In the last step, after each pair of SNPs independently was permuted using the above two permutation schemes and tested to get the prediction errors, the error rate difference (Δ E = E1 − E2) was calculated for each pair of SNPs. The Δ E was used to define the strength of the interaction exists, since omitting a strong interaction could have a strong affect on classification power. The larger the Δ E was, the stronger interaction signal was indicated for that pair of SNPs. The Δ Es were ranked and the pair of SNPs with the largest Δ E having the strongest interaction among all SNPs, or we could identify the top interactive SNPs given a particular threshold. For simulation studies, the same process was repeated on the 100 replicate datasets in order to calculate the overall success rate of interaction detection using our approach.

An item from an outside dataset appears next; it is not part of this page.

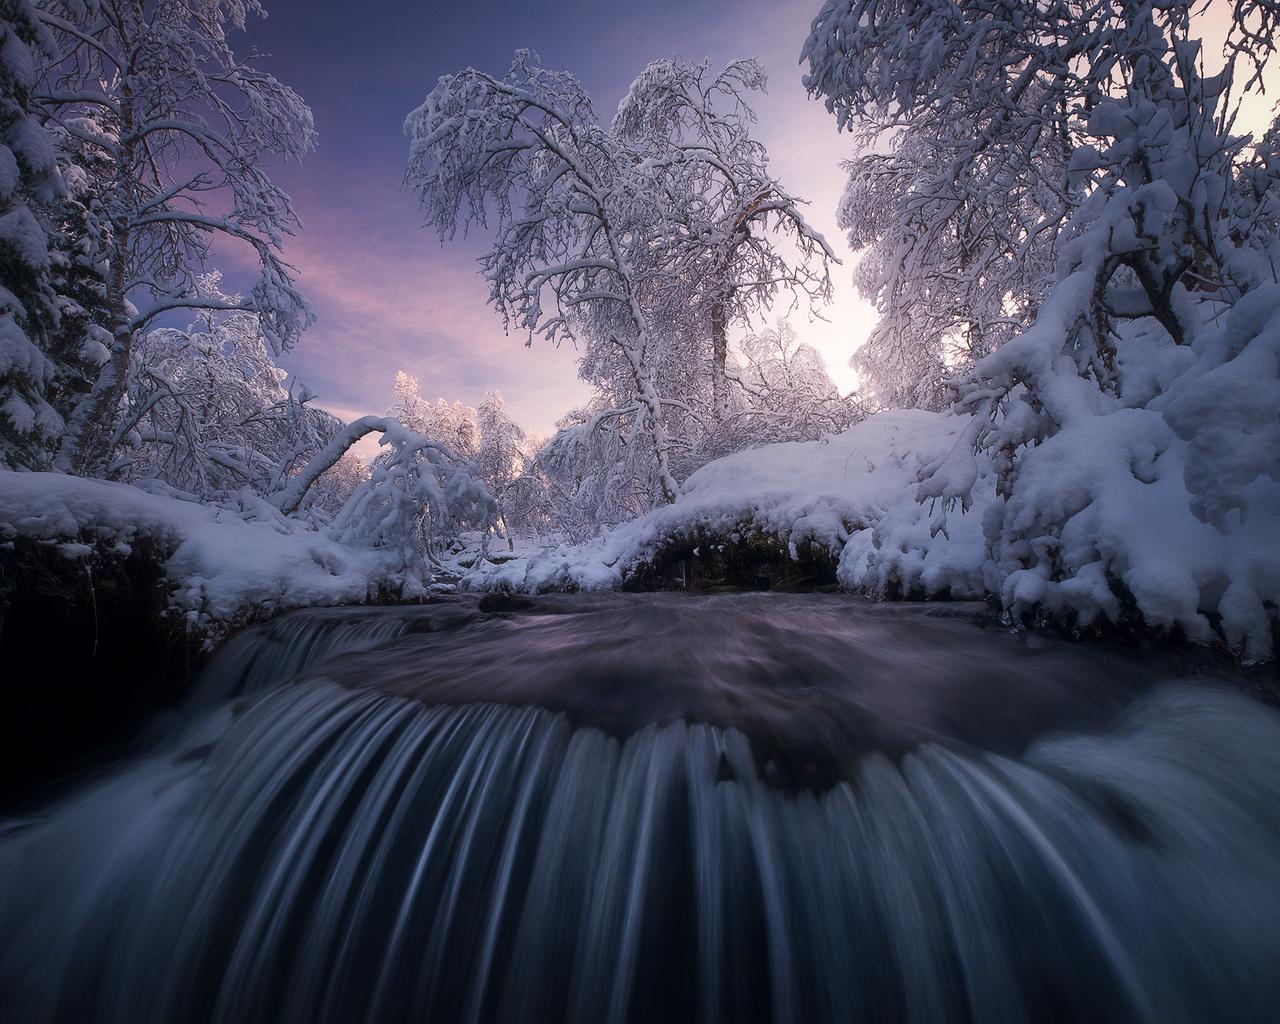 зима, снег, деревья, пейзаж, закат, природа, река, водопад, норвегия, каскад, порог, arild heitmann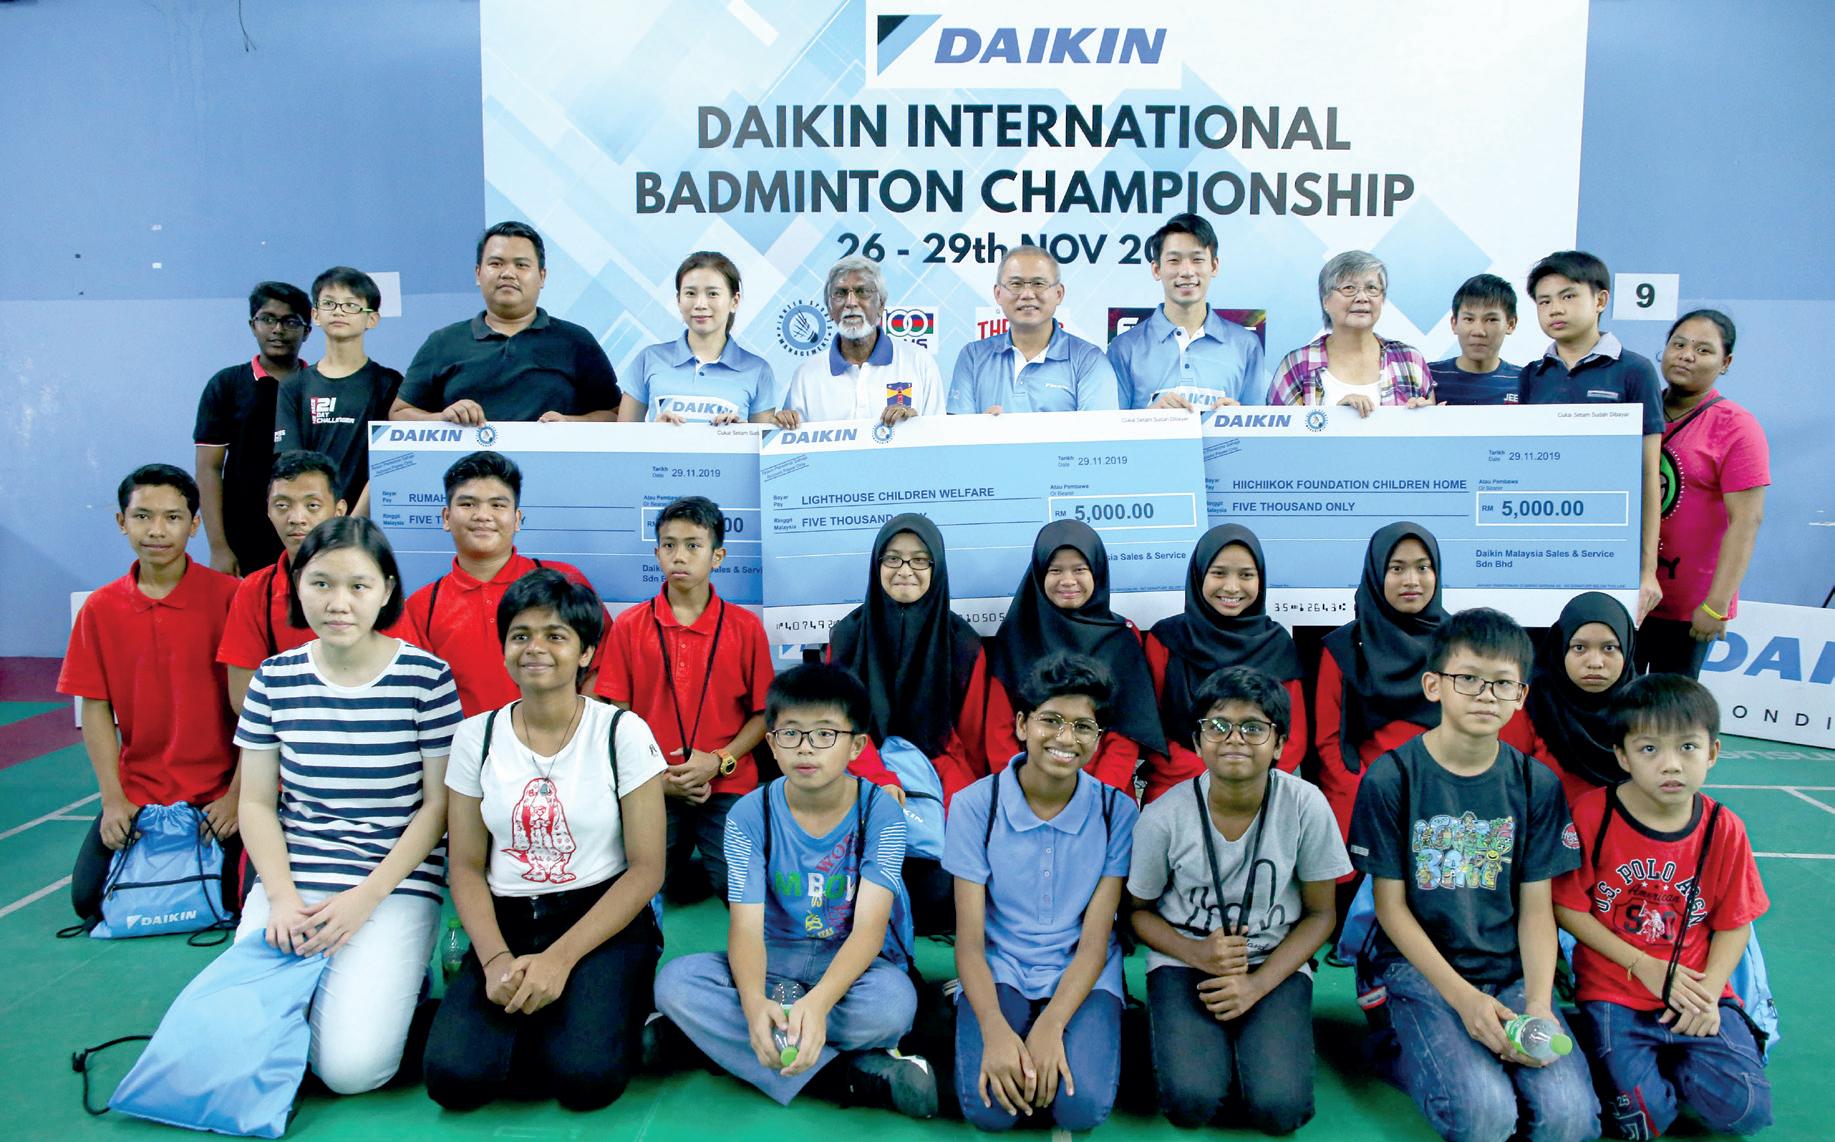 Not just another Daikin badminton tournament

Multifactor dimensionality reduction (MDR)
Multifactor dimensionality reduction (MDR) is a very popular method that can accurately identifies gene-gene and gene-environmental interactions, which is nonparametric and model-free [8, 28]. To carry out an MDR analysis, a group of n genetic attributes or environmental factors are first selected from all provided factors as the model. All possible combination of the n factors are then represented in the n-dimensional space. The ratios of cases vs. controls are calculated in each condition of the n-factor combinations. The n-dimensional space could be reduced to one dimensional following the grouping rule: the spaces that have the number of cases more than controls are classified as higher risk group, while the spaces that have the numbers of controls more than cases are classified as lower risk group [8, 28]. The classification method can then be used on on this single variable at the reduced dimension space. Traditionally, MDR uses 10-fold cross validation. For each cross validation training set, models are ranked using balanced accuracy. The number one ranked model is the winner for this round. After the 10 rounds, the model with the plurality of wins across the training datasets is the overall winner for that model size. MDR has a lot of advantage. It reduces the dimensionality to one thus makes it easier for the later classification. It is non-parametric, where no parameters are estimated, which is a big advantage over lots of traditional parametric statistical methods. It is also model-free, where no genetic model is assumed and thus give it great utilization on studying the disease where no inheritance-model is known for that or those models are very complicated [8, 28]. Over the past decade, a lot of method and tools has been contributing to MDR to make it use more widely, such as a lot of filter approach to MDR, and a lot of wrapper approaches .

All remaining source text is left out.